Parallel writes (the local gotcha)

Local subagents share one working directory. Concurrent writes to overlapping files clobber each other.

  • Parallel reads/research/analysis: always safe. This is the default use.
  • Disjoint edits you keep all of: use regular workers only when path sets are strictly disjoint, or do the edits serially after the research waves finish.
  • Competing attempts at the same task: use best-of-n-runner (each in its own git worktree/branch), then inspect, test, and merge the chosen result yourself — worktrees prevent clobbering, not the merge.

Escalating to cloud orchestration

For genuinely large builds (many concurrent code-writing agents, runs that outlive this session, PRs per task), escalate to the Cursor team's orchestrate plugin if it's installed. It spawns cloud agents via the Cursor SDK, isolates each on its own branch, and reconciles handoffs from disk/git. It requires its own setup (credentials and a runtime, plus optional Slack) — check its docs — and is invoked explicitly (e.g. /orchestrate <goal>).

Cursor subagent mechanics here were checked on 2026-07-03 (custom-agent registration-after-restart, resume-by-agent-ID, and the model-fallback conditions re-verified against current docs and bug reports). The details most likely to drift: the cloud orchestrate plugin's setup, and whether Cursor caps concurrent background subagents (not officially documented).

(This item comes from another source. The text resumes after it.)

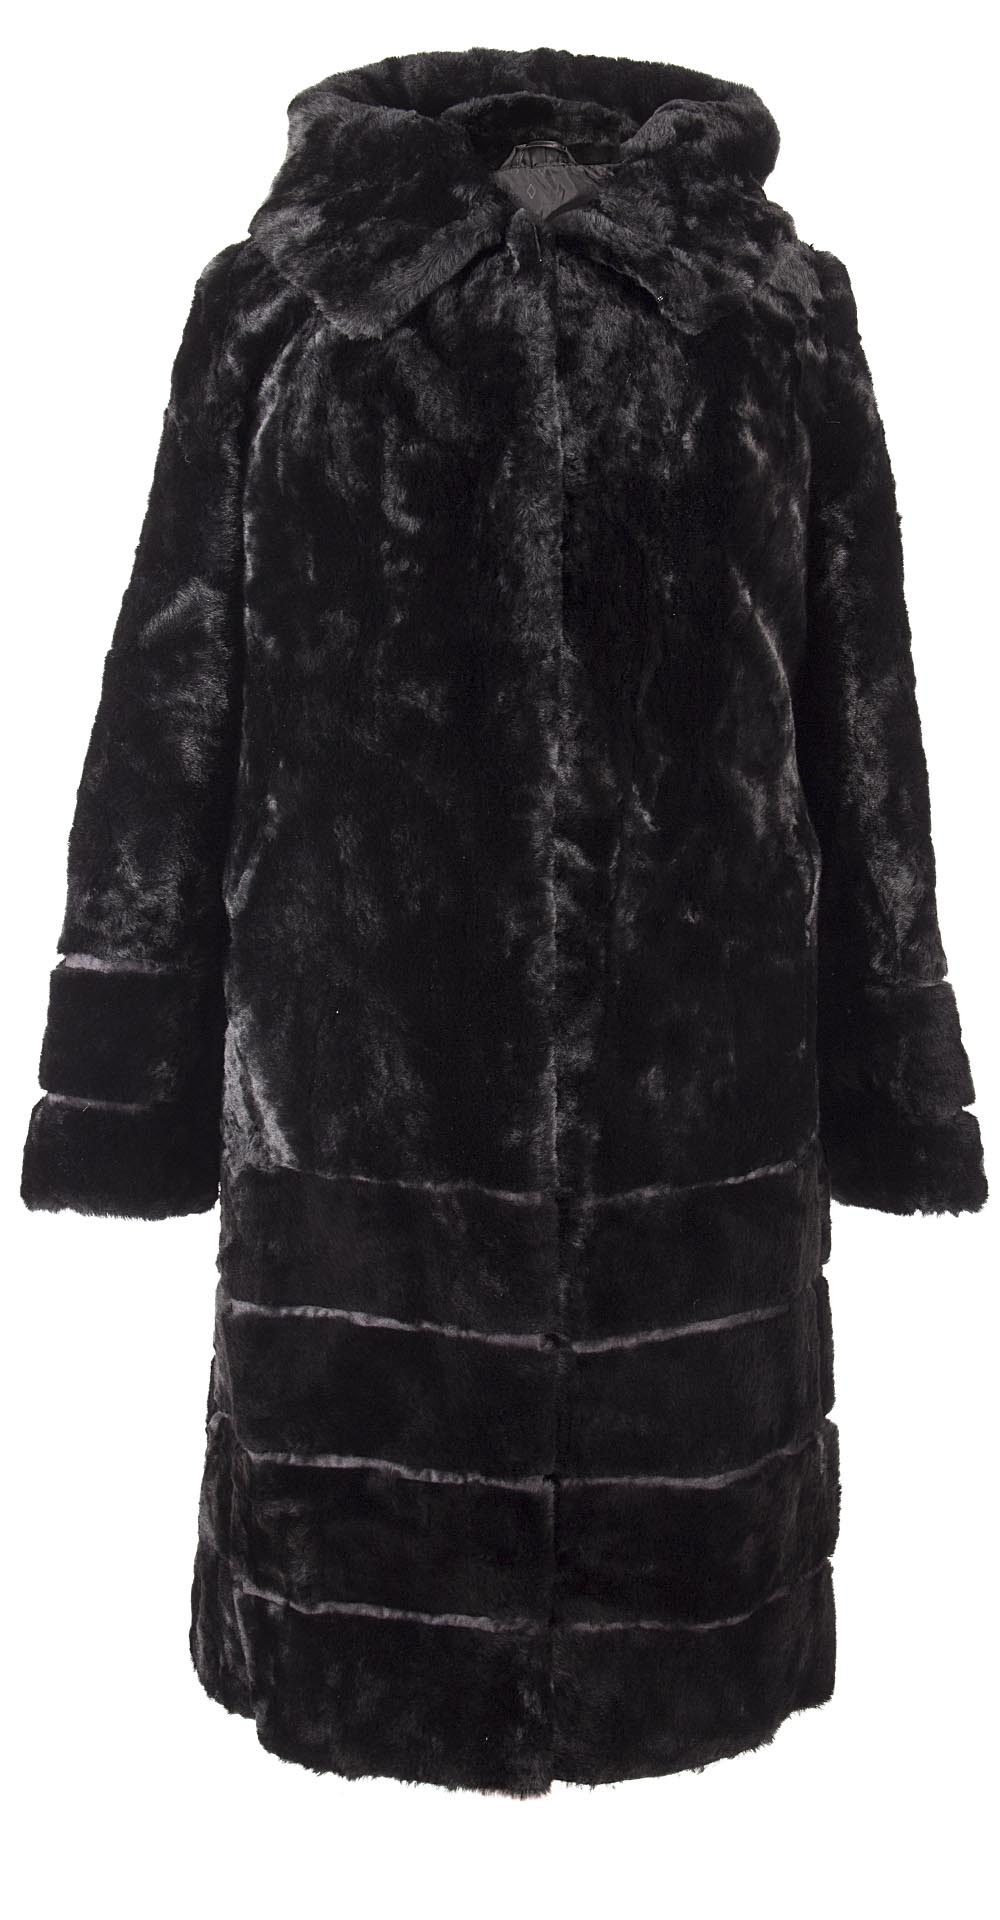 Пальто из мутона, цвет: Чёрный - купить за 32000 в магазине - Гипермаркет меха

Re-verify those if they matter to your run.

Checklist

  • Discovered the problem shape before decomposing.
  • Reduced entropy before slicing (dug locally → pulled from attached resources → asked the user only if it paid); sliced the low-entropy goal.
  • Stated the run shape in one line before spawning (on the fence → the smaller shape); never presented inline work as wave coverage.
  • Triaged each slice (worker type + dependencies + verification tier).
  • Routed scouting / read-heavy waves to the cheap fast model (Composer 2.5); reserved frontier / panel models for high-stakes slices.
  • Slices are independent (disjoint data/areas/paths), or their depends_on edges are recorded in the manifest.
  • Wrote the wave manifest (slice / worker type / model / depends_on / verification tier) before spawning; launched dependent slices only after their dependencies' handoffs were verified (distilled findings fed into their prompts).
  • Each worker prompt is fully self-contained (no reliance on chat history).
  • Each wave's Task calls sent in one message, run_in_background: true.
  • Ended turn to await completions — no polling loop.
  • No two parallel workers write the same paths.
  • Verified coverage before spawning (counts/bounds/partition-sum).
  • Checked every manifest row off at collection (completion gate); ran the failure ladder on missing/blocked slices — no slice silently dropped.
  • Read every handoff; spawned follow-ups for open questions.
  • Wave bounded (width ≈3–8, ≤2–3 waves); carried only distilled handoffs forward.
  • Verified each handoff's evidence (not just its Status); escalated low-confidence / conflicting / uncited findings; wrote synthesis-wave-N.md only from verdict-cleared findings (pending claims tagged pending-verification, never fed to dependent slices).
  • Verified the final deliverable (re-ran/validated; re-read critical writes).
  • Synthesized one deliverable from the handoffs.